More generally, within many telecommunication systems there is the need for signal delay and/or frequency response control over broad band. While DSP can handle very complex signal processing tasks, other times analog signal processing may be useful. For example, within full-duplex radio the TX to RX isolation requirement may be so high that it cannot be achieved without ASP based signal cancellation. Signal processing via continuous-time analog circuitry is much more difficult in practice compared to DSP. There are number of continuous-time domain techniques on attenuating/amplifying, delaying or phase shifting the signal, and they are widely used.
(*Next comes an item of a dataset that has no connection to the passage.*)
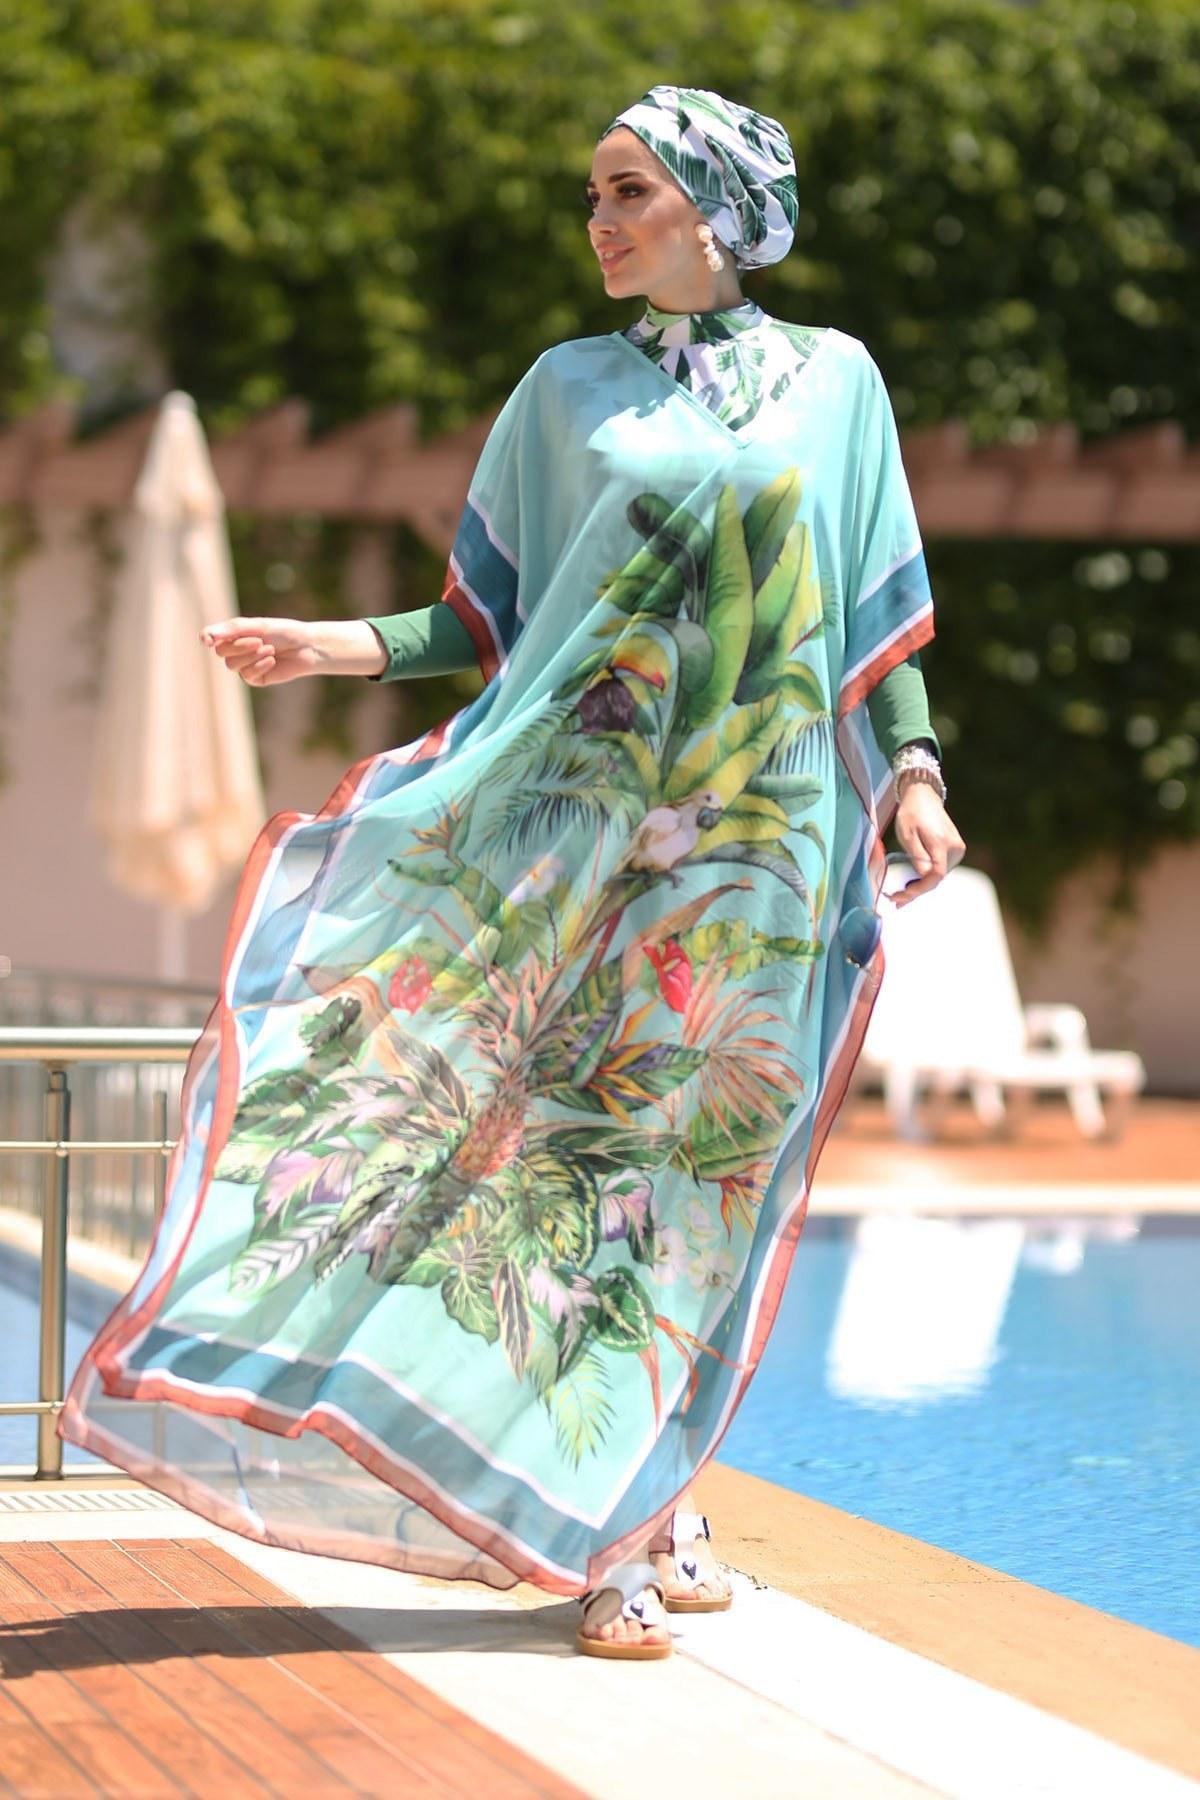 تصویر پیراهن ساحلی مایو اسلامی پوشیده خفاشی استوایی تک نفره طرحدار بروی برند Remsa Mayo کد 1622219117

However, there are not many techniques on how to combine all required signal processing tasks while maintaining broadband performance.
FIG. 1 illustrates the operation principle of analog adjustable attenuator/gain, phase, and delay. The graphs illustrate what happens to the signal at the output of individual signal processing element over broadband. Ideally the adjustable attenuator/gain is broadband device but it does not alter the delay or phase offset while attenuation/gain is changed. The adjustable phase shifter is also ideally a broadband device but it only adjusts the signal phase offset. Hence, delay and attenuation are not changed while the phase offset is changed. Likewise, ideally the delay adjustment circuit can adjust the delay, namely adjust the phase response slope, but the attenuation and phase offset remains unchanged. All these signal processing tasks can be performed today with several different analog circuit methods. There are significant number of different adjustable attenuator/amplifier circuits, phase sifters and delay adjustment circuits.
There are also hybrid solutions that combine at least two functions. Reflection type I&Q vector modulator, for example, can adjust phase offset and attenuation independently. Hence, in practice, complex gain element can be achieved.
The above basic signal processing functions, or hybrids of those, is that they offer performance that is already limited, even in theory. Adjustable attenuator/gain cannot adjust amplitude slope or ripple over a target band. A phase shifter cannot adjust phase slope or ripple over a target band and a delay element cannot adjust phase offset over a target band, only phase slope is adjusted. These limitations may be unsuitable for broadband high performance.